Très rapidement après le début de l’épidémie, les équipes prenant en charge les patients ayant une forme sévère de Covid-19 ont été interpellées par les échecs des mesures de ventilation habituellement utilisées dans les syndromes de détresse respiratoire aiguë (SDRA).
Plusieurs publications ont alors souligné la fréquence élevée d’événements thrombo-emboliques veineux, touchant les gros et les petits vaisseaux au niveau pulmonaire (mais aussi dans différents autres organes), pouvant être favorisés par une atteinte vasculaire spécifique liée au Covid-19. « La survenue d’embolies pulmonaires (EP) est une complication que l’on peut observer chez les patients en réanimation, mais leur incidence au cours de l’infection Covid-19 est nettement plus élevée que dans les SDRA d’autres causes, en particulier d’origine grippale », indique le Dr Nicolas Gendron, très impliqué dans ce nouveau domaine de recherche avec l’équipe du Pr David Smadja à l’hôpital européen Georges-Pompidou (HEGP).
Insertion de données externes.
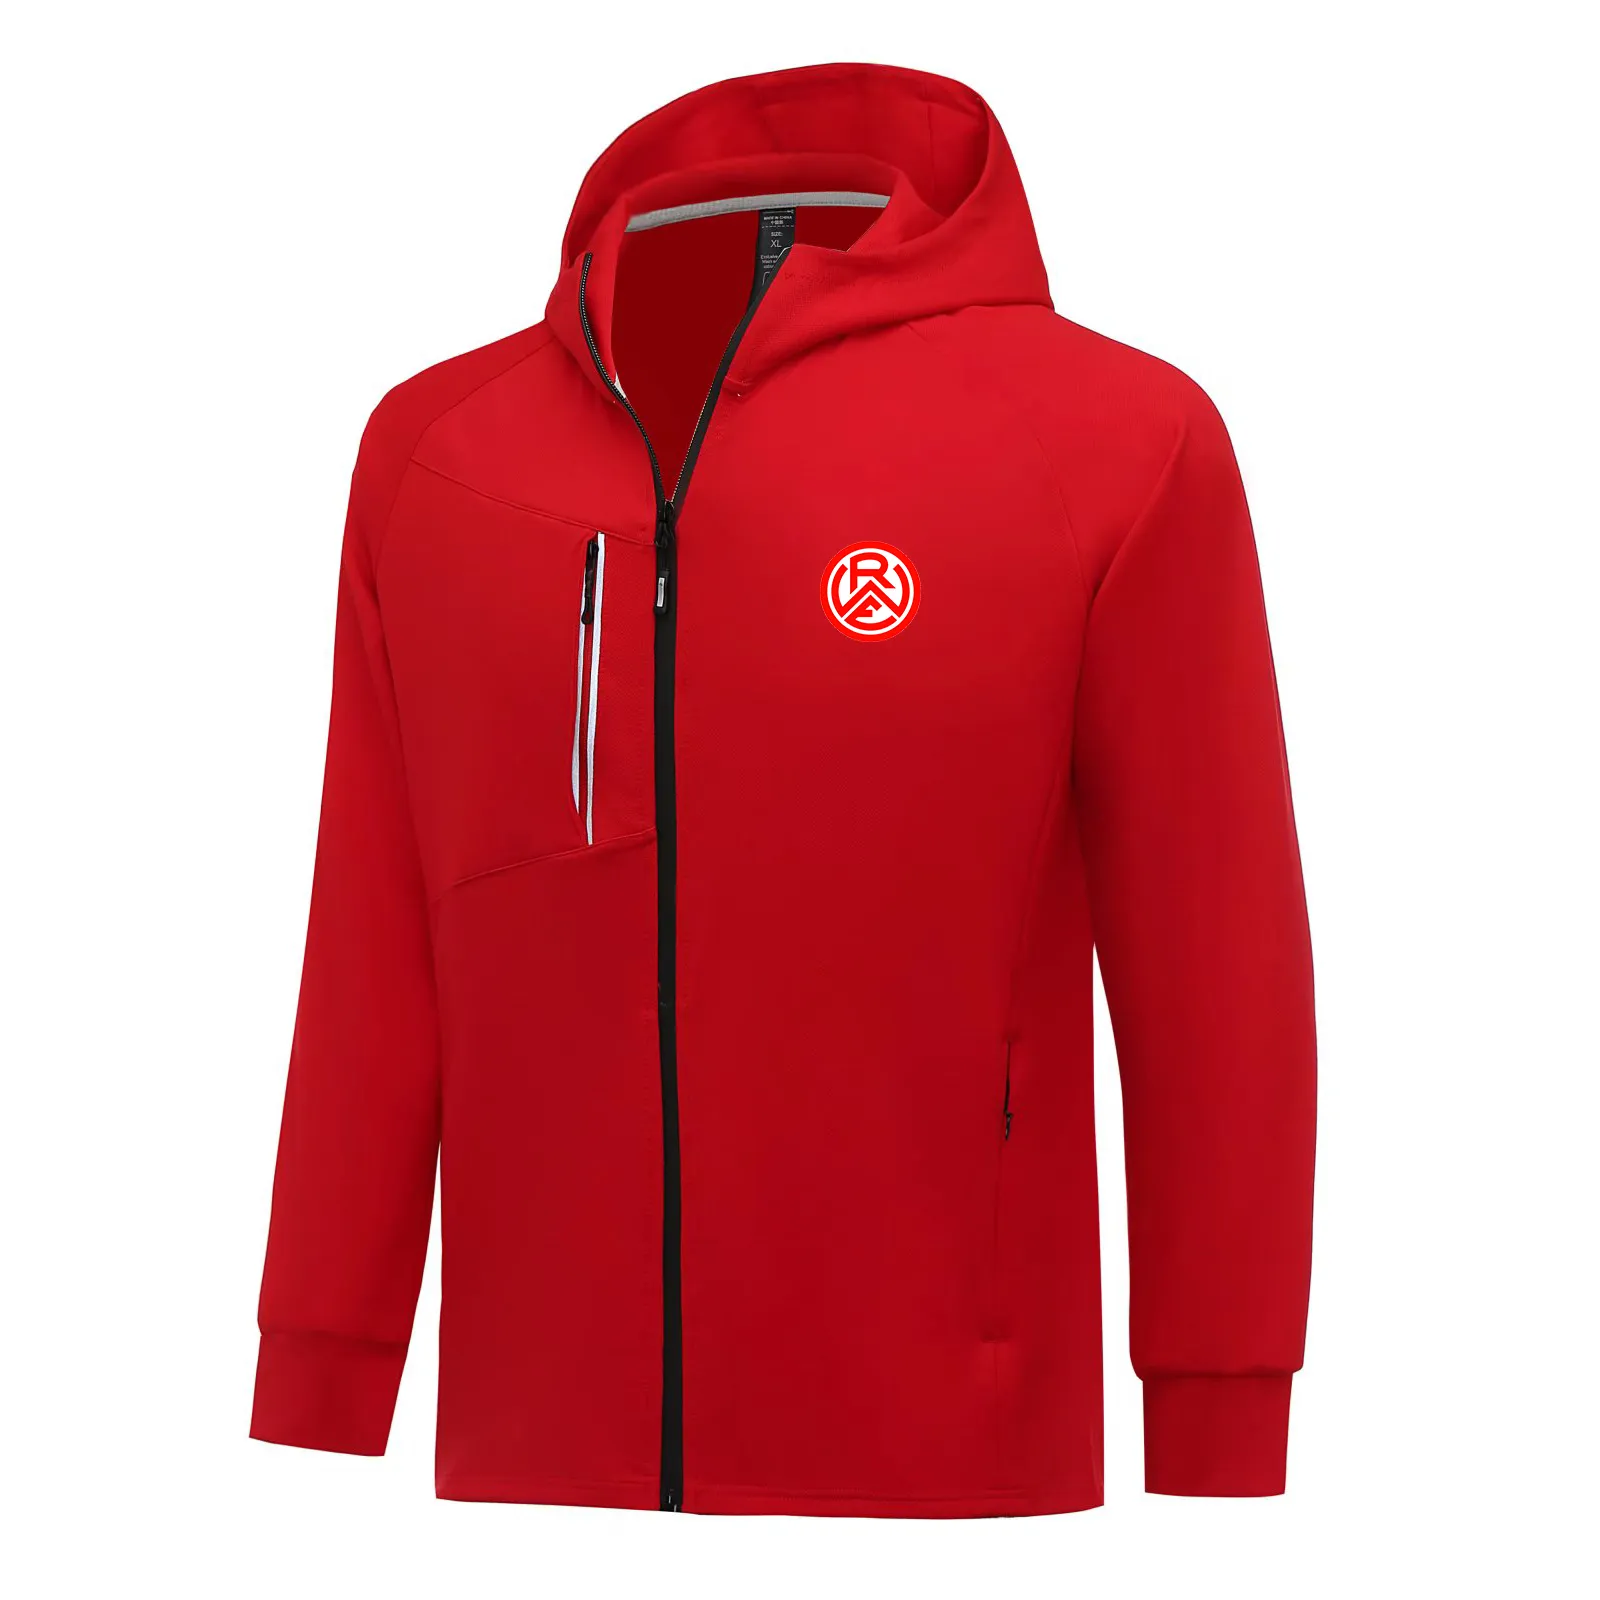 Rot-Weiss Essen 남자 재킷 가을 따뜻한 코트 여가 야외 조깅 후드 스웨트 셔츠 전체 지퍼 긴 소매 캐주얼 스포츠 자켓

Une série de cas lilloise publiée au printemps dernier avait rapporté un taux d’EP de 20,6 % dans une cohorte de 107 patients admis en soins intensifs pour une pneumonie liée au SARS-CoV-2, comparativement à 6,1 % chez les sujets admis dans ce service au cours de la même période en 2019 et à 7,5 % chez ceux atteints de grippe au cours de l’année 2019.
Lésions endothéliales et inflammation
Une analyse rétrospective de tous les patients hospitalisés au cours de la première vague à l’HEGP et à l’hôpital Saint-Joseph à Paris a retrouvé une prévalence globale de l’EP de 5,6 %, atteignant 20 % si l’on prend en compte les données des angioscanners. Des résultats confirmés par d’autres études, qui montrent que dans la moitié des cas, la thrombose veineuse pulmonaire était présente à l’admission.
« La cascade d’événements n’est pas encore aujourd’hui complètement élucidée, mais le Covid-19, dans ses formes sévères, serait avant tout une pathologie vasculaire acquise », poursuit le Dr Gendron. Comme cela a été montré par différents travaux, le virus pénètre dans les cellules endothéliales via les récepteurs ACE2. Ces cellules jouent à l’état basal un rôle antithrombotique, mais, lorsqu’elles sont agressées, elles s’activent et deviennent à l’inverse prothrombotiques via la libération de différents facteurs, tels que le facteur de Willebrand. Plusieurs publications ont mis en évidence le lien entre les taux de marqueurs endothéliaux, comme l’angiopoïétine 2 ou le facteur de Willebrand, et la sévérité de la maladie. Ce phénomène serait exacerbé par l’inflammation secondaire à la réponse immunitaire.
Anticoagulation préventive
« De façon importante, la majorité des patients avec une EP n’ont pas les facteurs de risque classiques de thrombose veineuse tels qu’un cancer, un antécédent de maladie thrombo-embolique veineuse (MTEV), une thrombophilie génétique… L’infection par le SARS-CoV-2 apparaît à elle seule comme un facteur de risque de thrombose veineuse », souligne le Dr Gendron.
Les données sont encore aujourd’hui insuffisantes pour définir précisément les sujets à risque de thrombose veineuse, mais plusieurs paramètres se montrent particulièrement pertinents : taux de marqueurs endothéliaux circulants, taux de D-dimères à l’admission, taux de troponine couplé à l’échographie cardiaque qui témoignerait des conséquences cardiaques en aval des microthromboses.
Les patients hospitalisés pour une forme sévère de Covid-19 reçoivent des anticoagulants de façon préventive, et bien sûr curative en cas d’EP confirmée. Mais la question d’une anticoagulation préventive peut se poser pour certaines personnes suivies en ambulatoire, en particulier celles ayant une mobilité fortement réduite. Il serait intéressant de pouvoir là aussi disposer de paramètres permettant d’identifier les sujets les plus à risque. Quelle place pourrait avoir dans ce contexte le dosage du facteur de Willebrand, qui contrairement à celui des marqueurs endothéliaux circulants, est facilement accessible dans les laboratoires de ville ?
Outre l’introduction des anticoagulants, l’aspirine pourrait, dans une moindre mesure, avoir aussi un intérêt, comme le suggère une étude récente soulignant un effet bénéfique de la prise d’aspirine dans les 48 heures avant l’hospitalisation, se traduisant par moins d’admissions en réanimation, d’intubations et de décès. L’essai Recovery va tester cette hypothèse sur quelque 4 000 patients.